Closed fredsonaguiar closed 3 years ago
We can proliferate the number of types in the vocabulary OR we can just add and extra property in Word indicating their part-of-speech... In the DTD, they have a single tag for a lexical form
https://github.com/globalwordnet/schemas/blob/master/WN-LMF-1.1.dtd#L57
The Lemon also uses only a single Type
https://globalwordnet.github.io/schemas/#rdf
The original model we adopted also used only a single type for words with an extra specialization only to collocations:
I prefer only a single type Word
for now.
I agree with a single type for now, but we still need to expand some of the current Words for each POS it has, otherwise, we wouldn't be able to deal with those POS specific informations.

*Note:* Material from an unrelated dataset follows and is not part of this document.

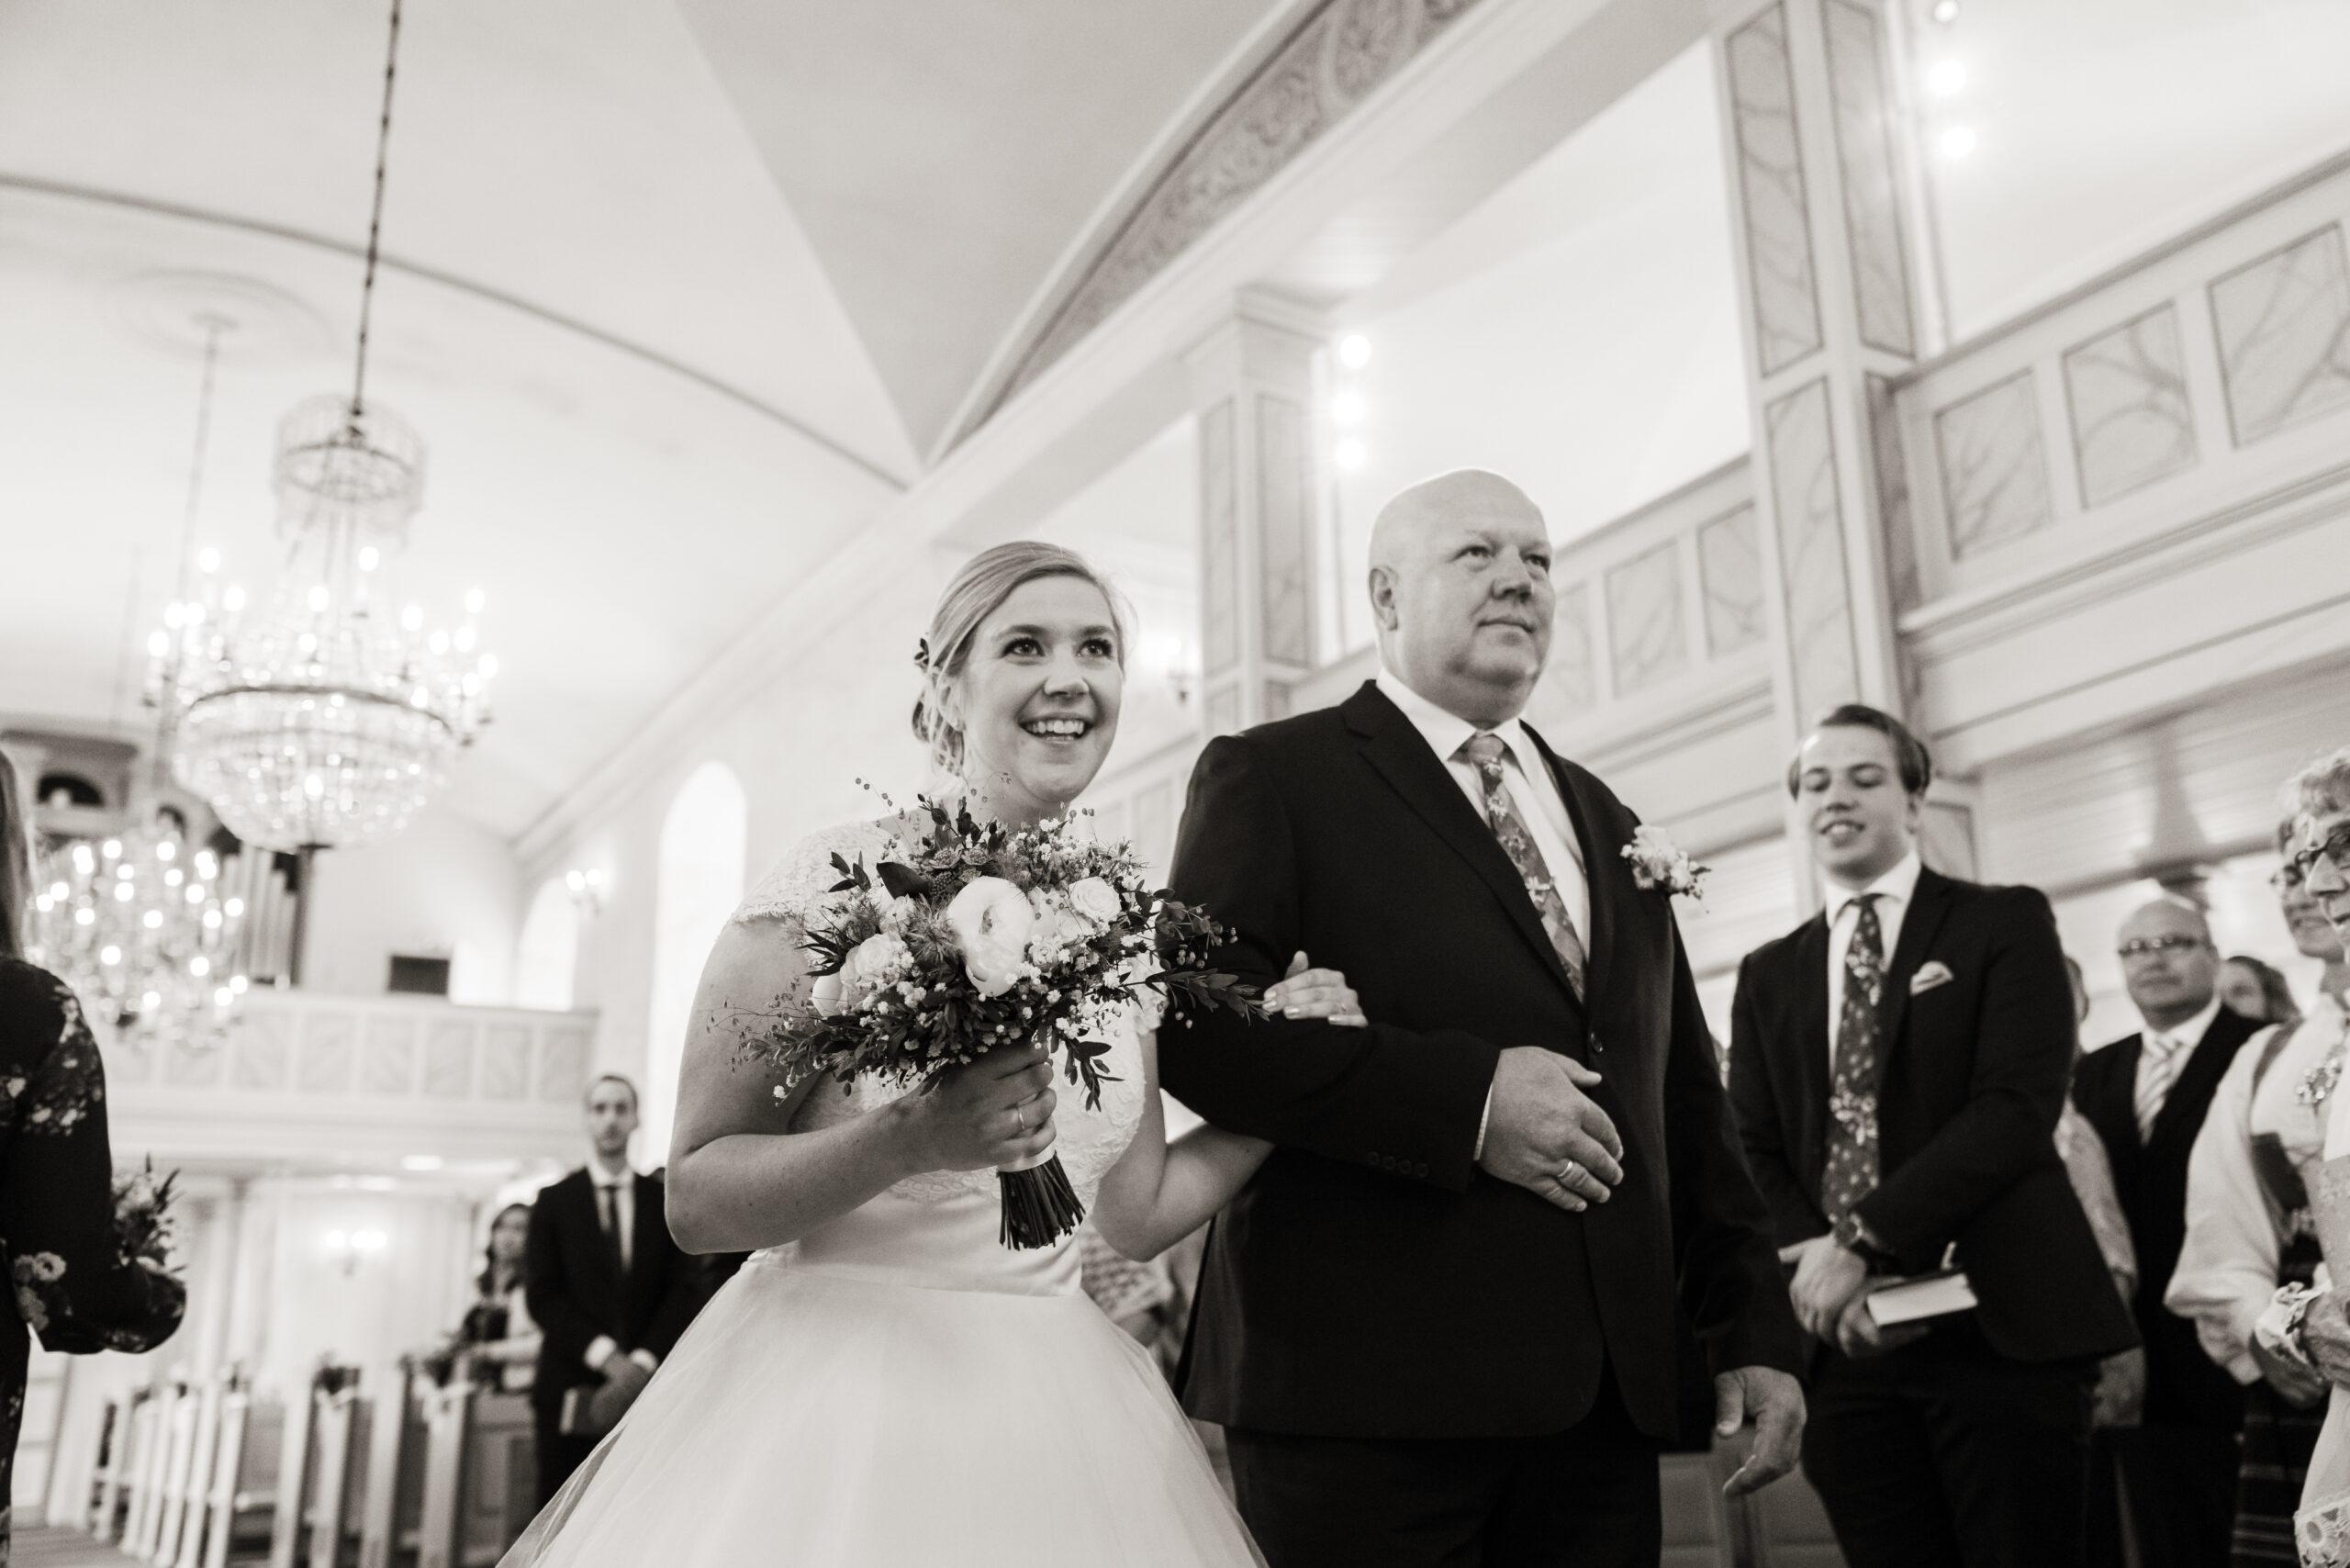 Bryllup i Nøtterø kirke
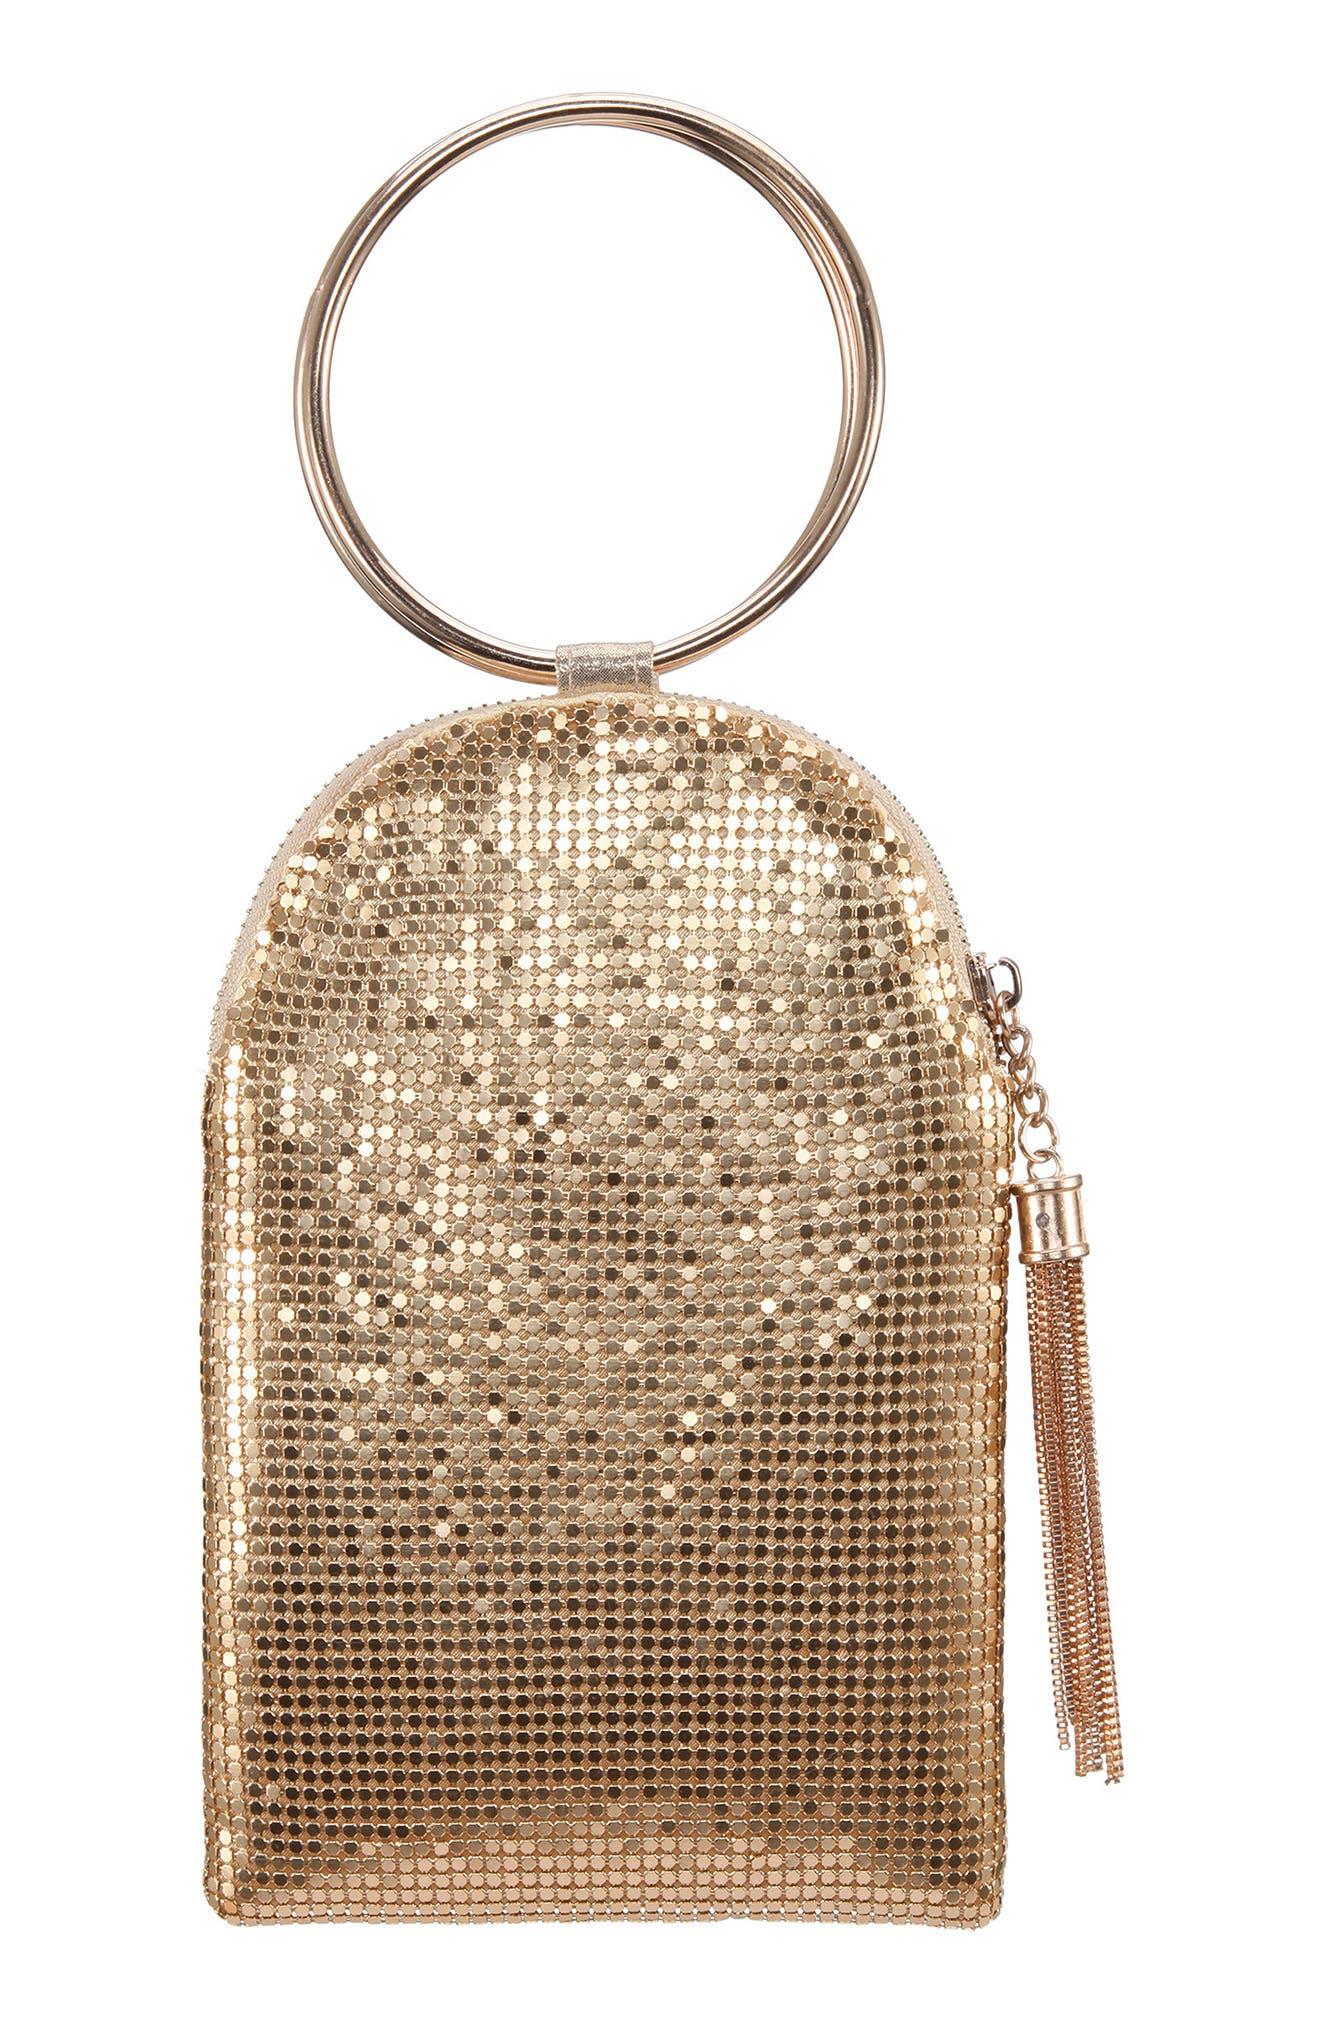 Vintage Handbags, Purses, Bags *New* Nina Metallic Mesh Handbag - Metallic $58.00 AT vintagedancer.com

The problem is to remap predications. Words are objects of wn30:word
, nomlex:noun
and nomlex:verb
. We need to pay attention to it.
Perfect, slipt a Word like dog
into two: the verb and the noun. I agree. But both, for now, will be of type Word
.
For now, we describe the new property wn30:pos
in 7fb7f56dd4869f0297af08c35d248669b49d2458, and expand Word
s, as discussed, considering related Sense
s and Nomlex
es, in 156d2e10e178c62b4f1cc2573e3bcbf23bdb561f. We do so through this script.
Running and responses:
python3 pyownpt/cli/words_unique_pos.py own-files/own-en-words.ttl -l en -o own-en-words.ttl -v
INFO:root:loading data from file 'own-files/own-en-words.ttl'
INFO:ownpt:start formatting Words to unique POS
INFO:ownpt:action applied to 148730 words
total: 676730 triples added
total: 504438 triples removed
INFO:root:serializing output to 'own-en-words.ttl'
python3 pyownpt/cli/words_unique_pos.py own-files/own-pt-words.ttl own-files/own-pt-morphosemantic-links.ttl -l pt -o own-pt-words-morpho.nt -v
INFO:root:loading data from file 'own-files/own-pt-words.ttl'
INFO:root:loading data from file 'own-files/own-pt-morphosemantic-links.ttl'
INFO:ownpt:start formatting Words to unique POS
INFO:ownpt:action applied to 57972 words
total: 270132 triples added
total: 208188 triples removed
INFO:root:serializing output to 'own-pt-words-morpho.nt'
We got the new definitions considering wn30:pos
. The parts-of-speech to expand were exatracted based on the related senses to that word. For instance, for the word dog:
-<https://w3id.org/own-pt/wn30-en/instances/word-dog> a wn30:Word ;
- wn30:lexicalForm "dog"@en .
[...]
+<https://w3id.org/own-pt/wn30-en/instances/word-dog-v> a wn30:Word ;
+ wn30:lexicalForm "dog"@en ;
+ wn30:pos "v" .
[...]
+<https://w3id.org/own-pt/wn30-en/instances/word-dog-n> a wn30:Word ;
+ wn30:lexicalForm "dog"@en ;
+ wn30:pos "n" .
From https://wordnet.princeton.edu/documentation/wndb5wn, alongside with #175, we learned that the same
Lemma
might have different behaviors and associated informations depending on itsPOS
. For instance, the exceptional forms for lemma "taxi" occur differently in different files:noun.exc : taxies taxi
andverb.exc : taxying taxi
.The solution in this case should be to define words with different types, such as
VerbWord
,NoumWord
,AdverbWord
andAdjectiveWords
, or at lest define unique URIs for words with same Lemma but different POS.